I have a scenario that I am looking for some tax EXPERT guidance on what the rules are for capital gains on a co-owned property, and best way for this to play out.
Currently we co-own a vacation property with my in-laws with which we have been using for our primary residence for 4 years. We just bought a different house which needs significant renovation, but we should be done with it and moving into it by next summer. The vacation property was purchased in 2017 for $500k and currently valued at $1.3mil. In a scenario where we sell the property (for round numbers purposes not including fees and closing, I have rounded the numbers as is) the profit is $800k , because it has been our primary residence for the last 4 years, are we still sheltered from $500k in capital gains? How does this work for the other co-owner of the property that does not live here as a primary residence? Are we all subject to capital gains on just the $300k? Any guidance on how this works would be great.

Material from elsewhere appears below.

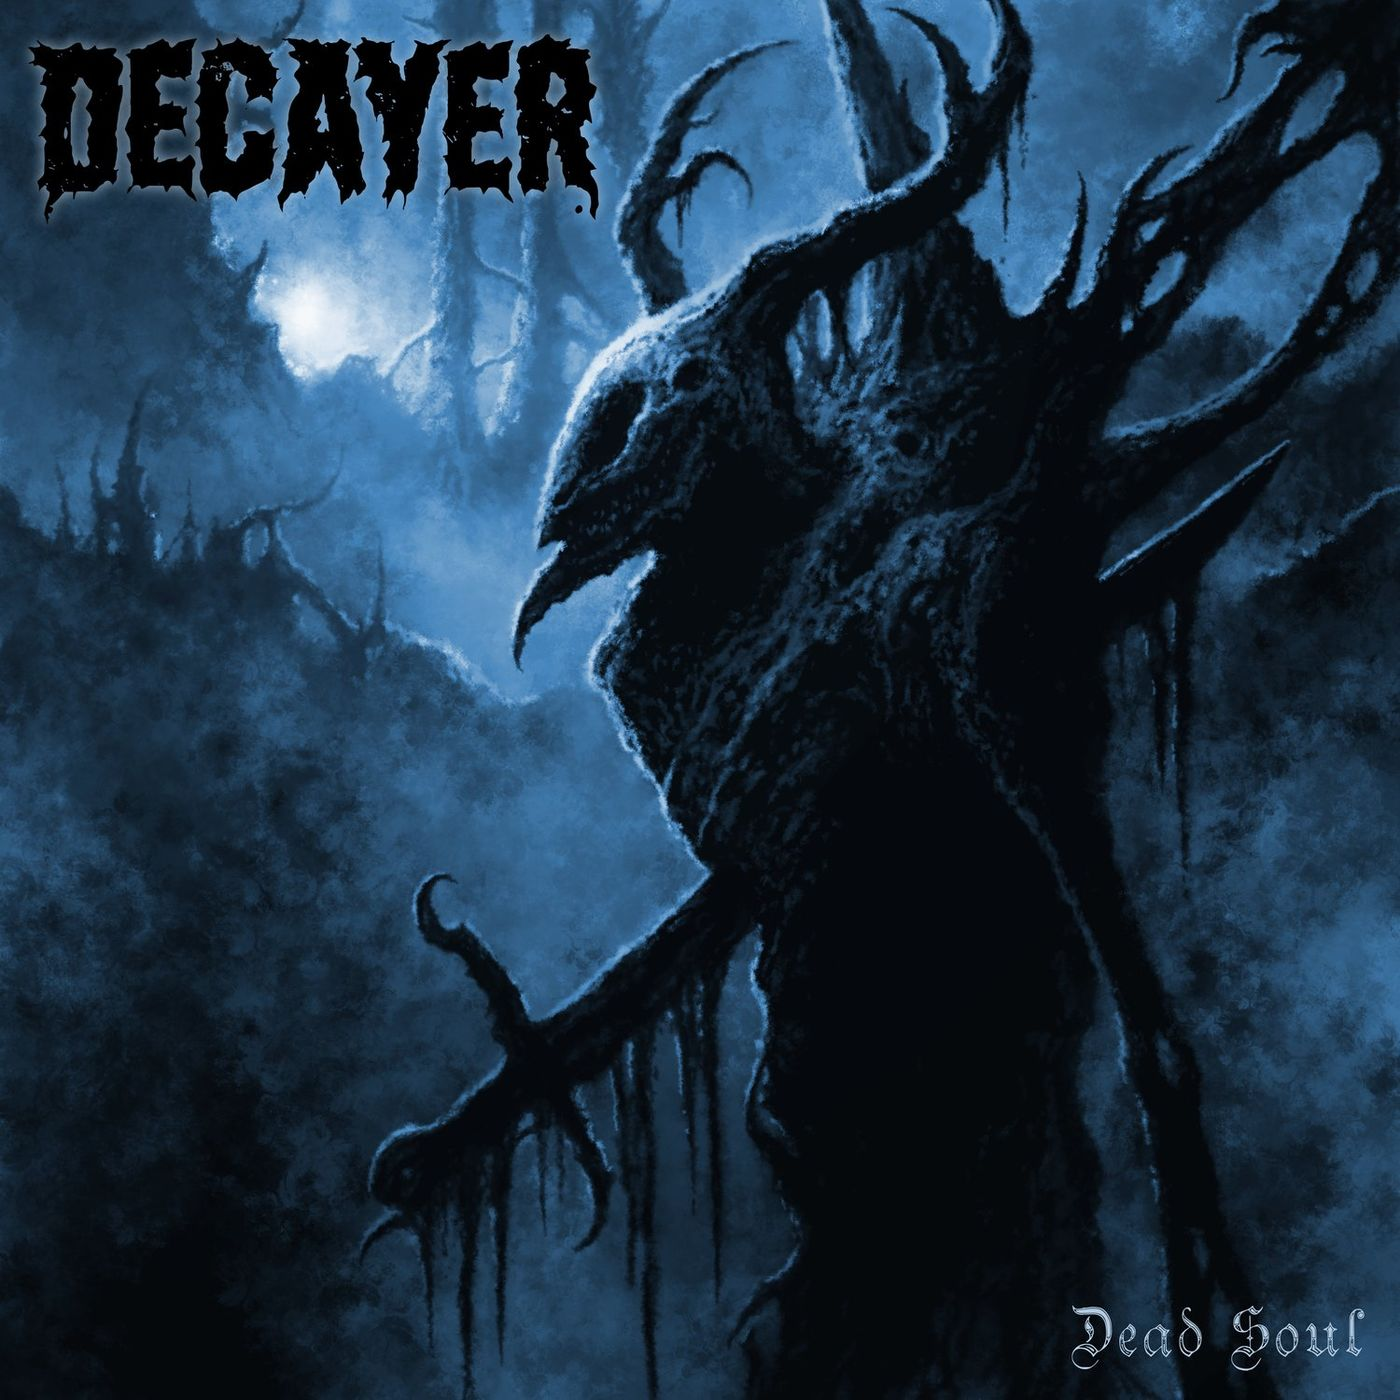 Decayer - Dead Soul [single] (2021)
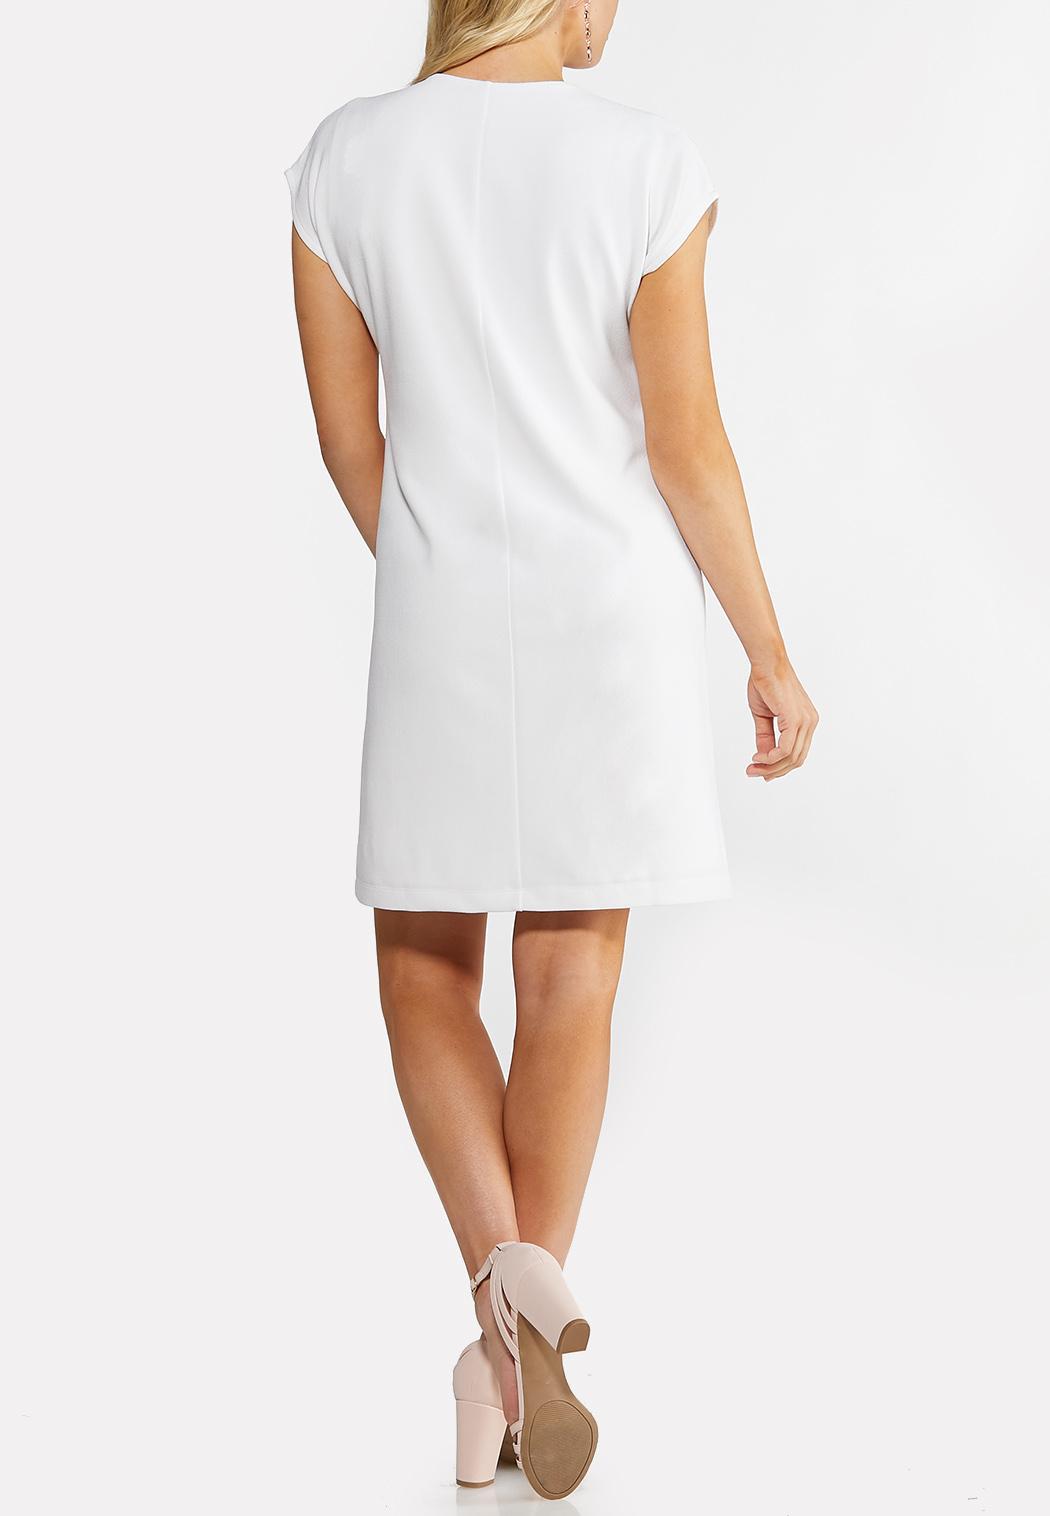 11f6e9b9ab0 Plus Size White Puff Print Shift Dress Plus Sizes Cato Fashions

As a follow-up to this, once we move next year I would like to scale my portfolio very quickly. I am open to BRRRR, flips, STR, and small/large multifamily. Any advice on the best way to use this capital moving forward? We have discussed the option of selling to get the equity out of 'co-ownership' so that we can use the capital to pursue other opportunities. But the big capital gains questions linger here. We have also discussed keeping the property as a rental and just utilizing a HELOC to pursue other deals with the equity in it - there can be downsides to this too. Cash out refinance is an option as well, but it is not very appealing at this time (background here is $330k left on mortgage at 2.65% rate).
Any guidance or options to consider to any or all pieces of this would be appreciated!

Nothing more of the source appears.